▶ _Instructions for the task_: Your task is to output the listing word for word, with pictures excluded.
*** Opening Data shown ***
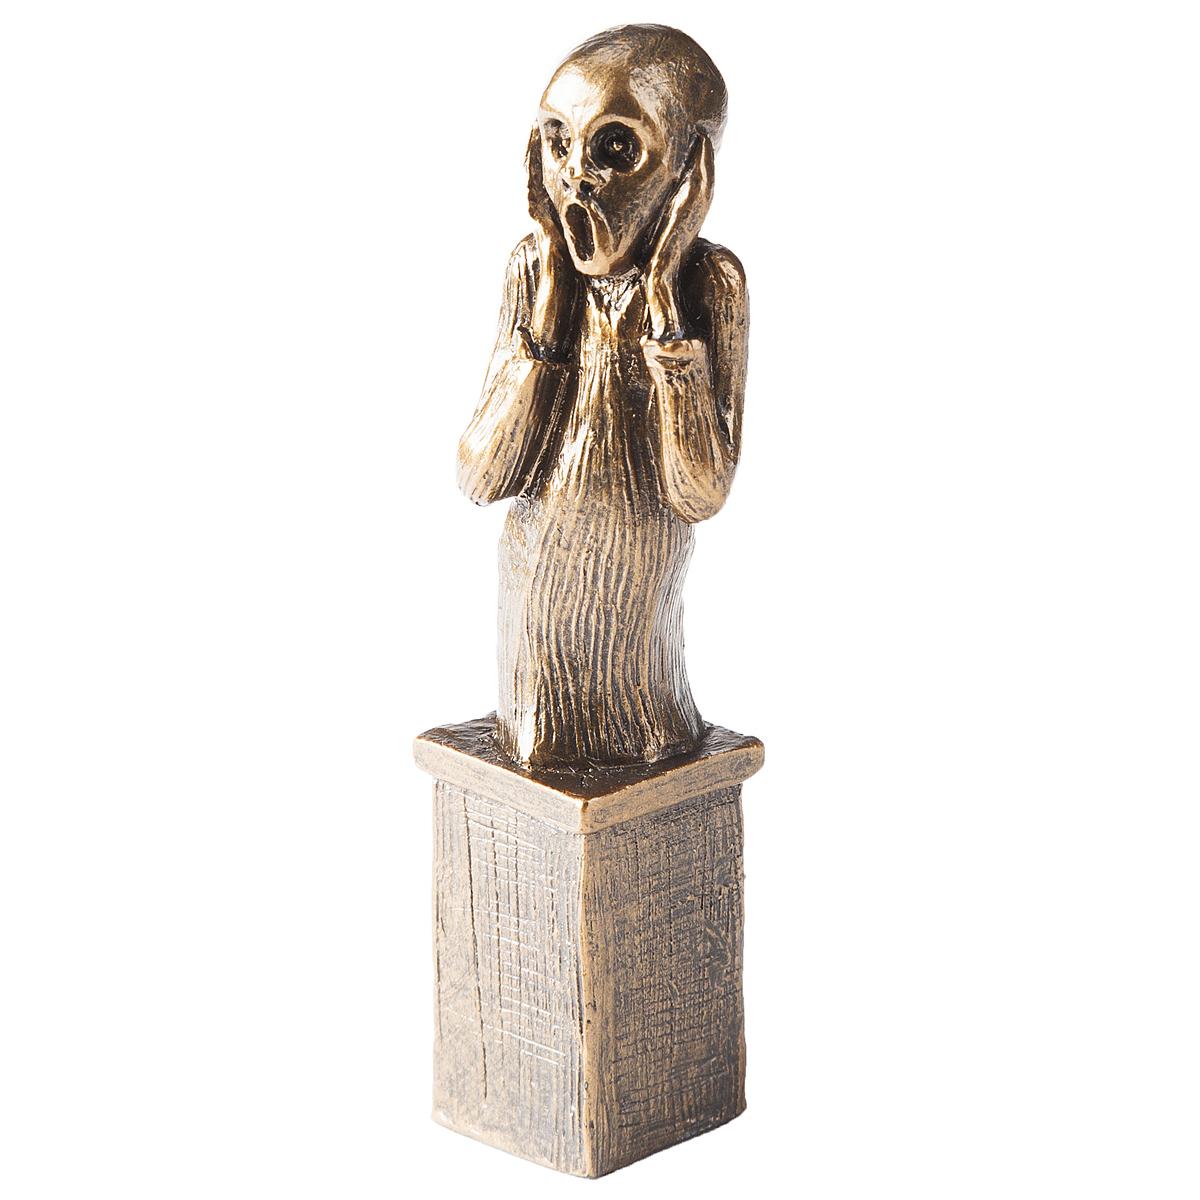 Scream ornament
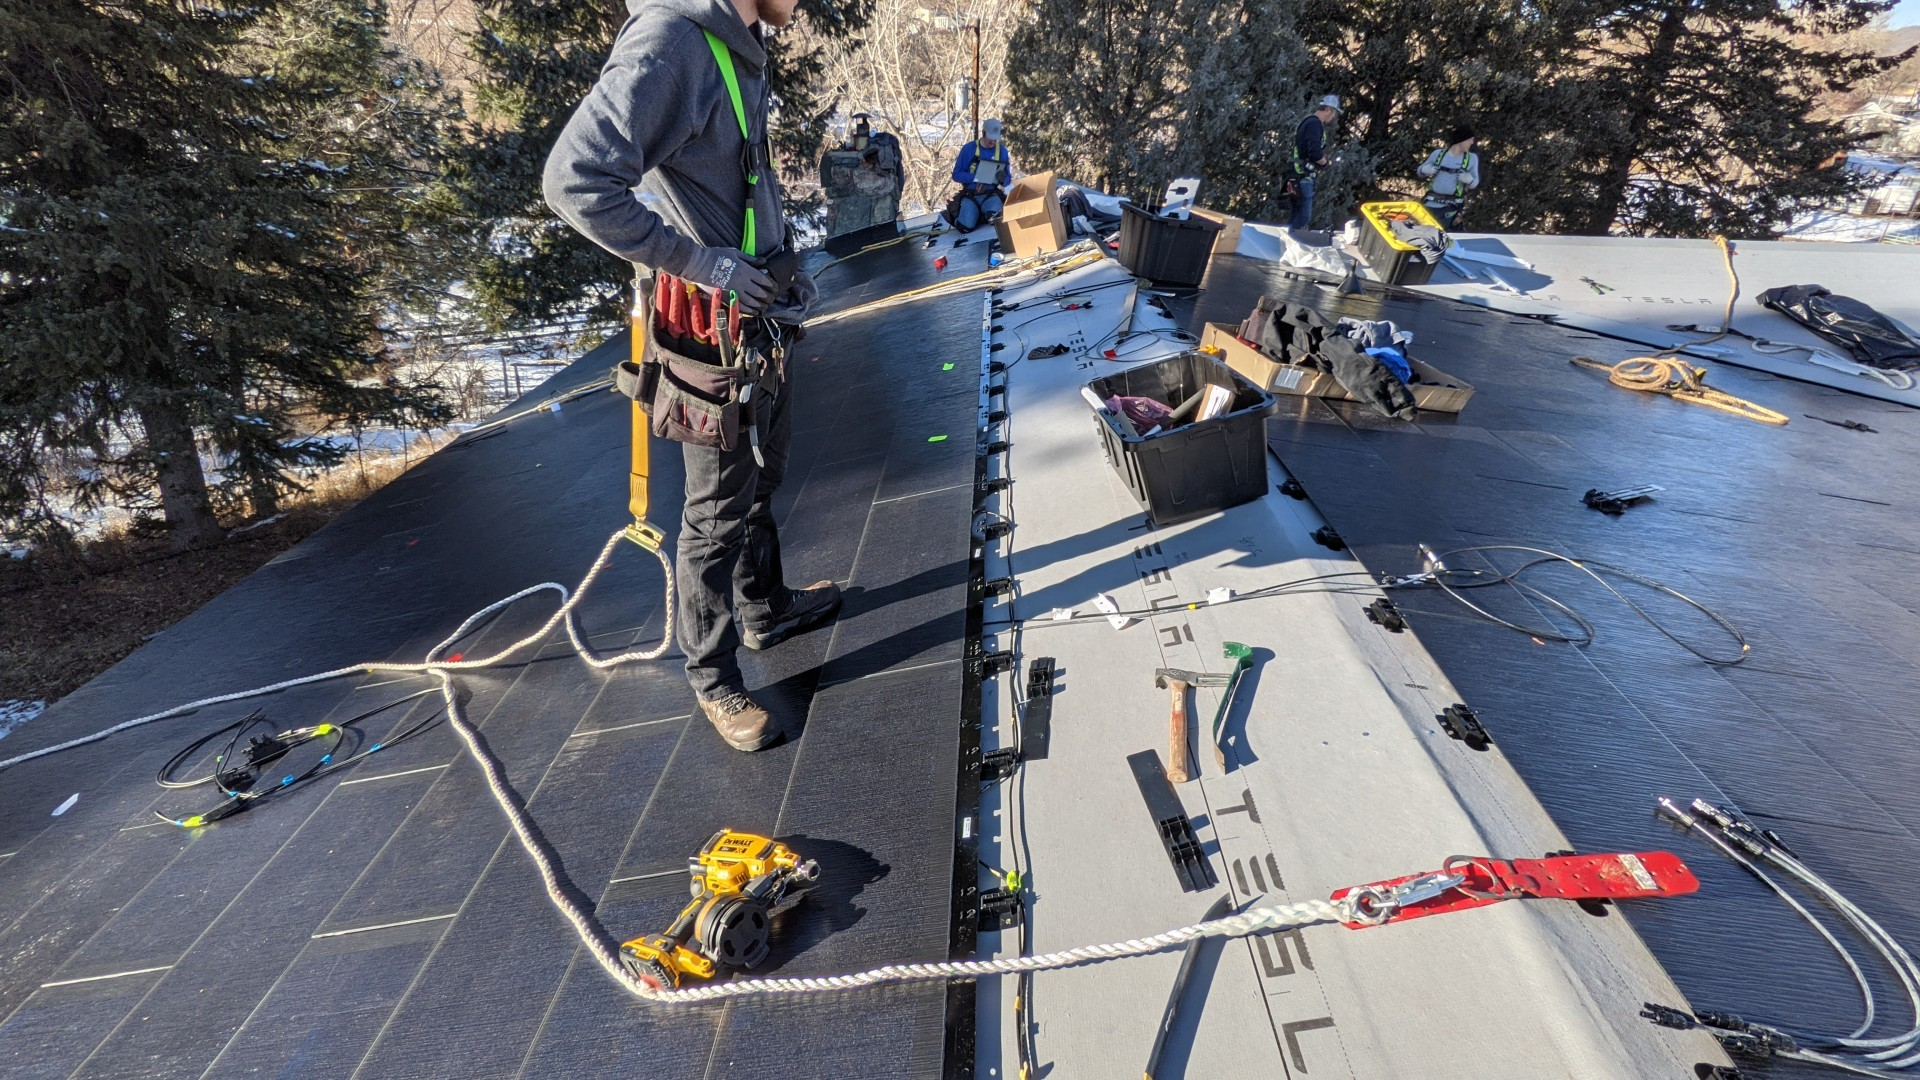 Установка Tesla Solar Roof 12kW завершена за один день
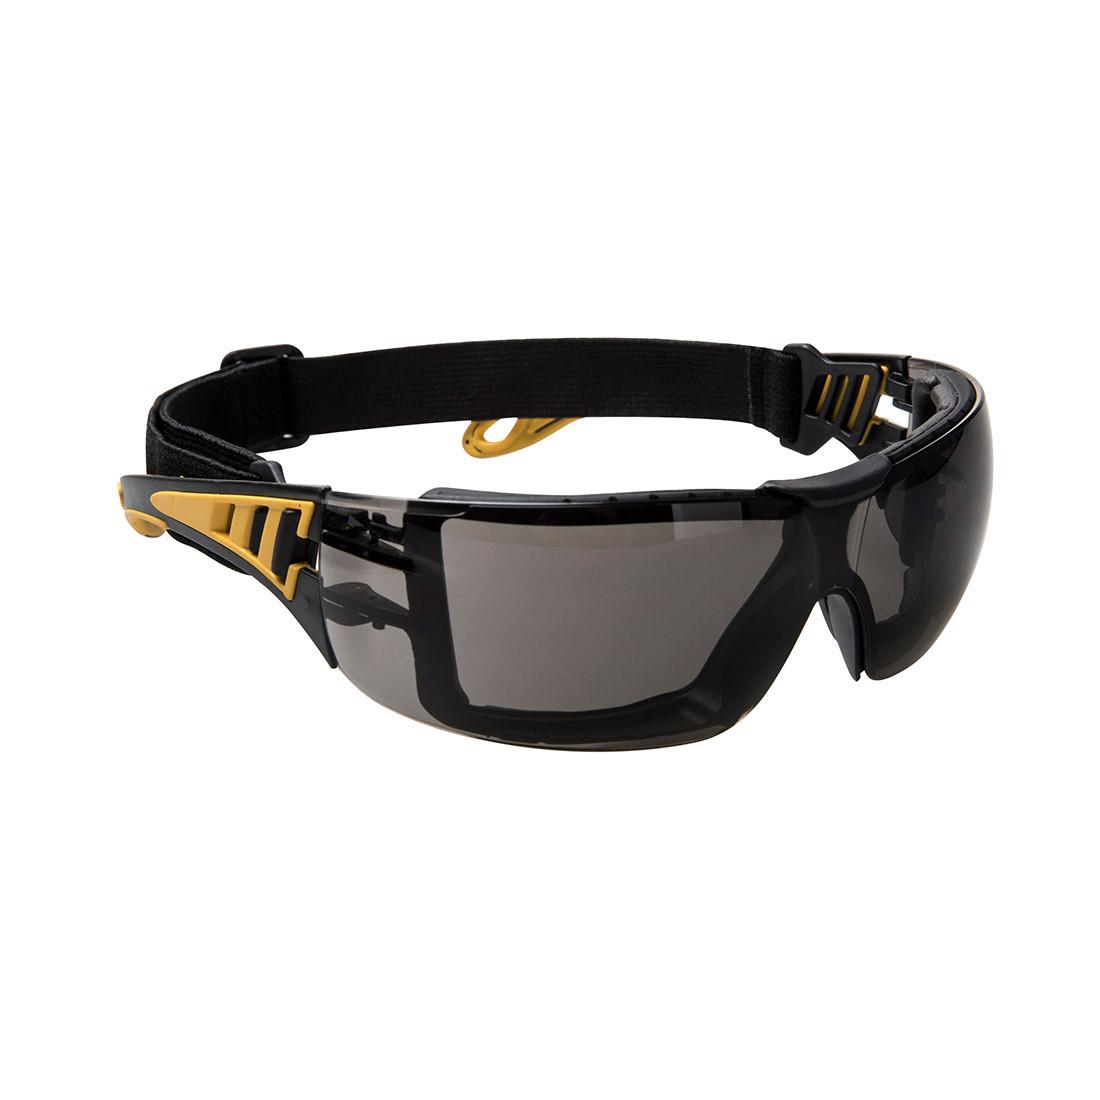 Ochelari Impervious Tech - Impermeabili - Echipamente de protectie personala
*** Closing Data shown ***
▶ _Finished task_:
 Scream ornament
 Установка Tesla Solar Roof 12kW завершена за один день
 Ochelari Impervious Tech - Impermeabili - Echipamente de protectie personala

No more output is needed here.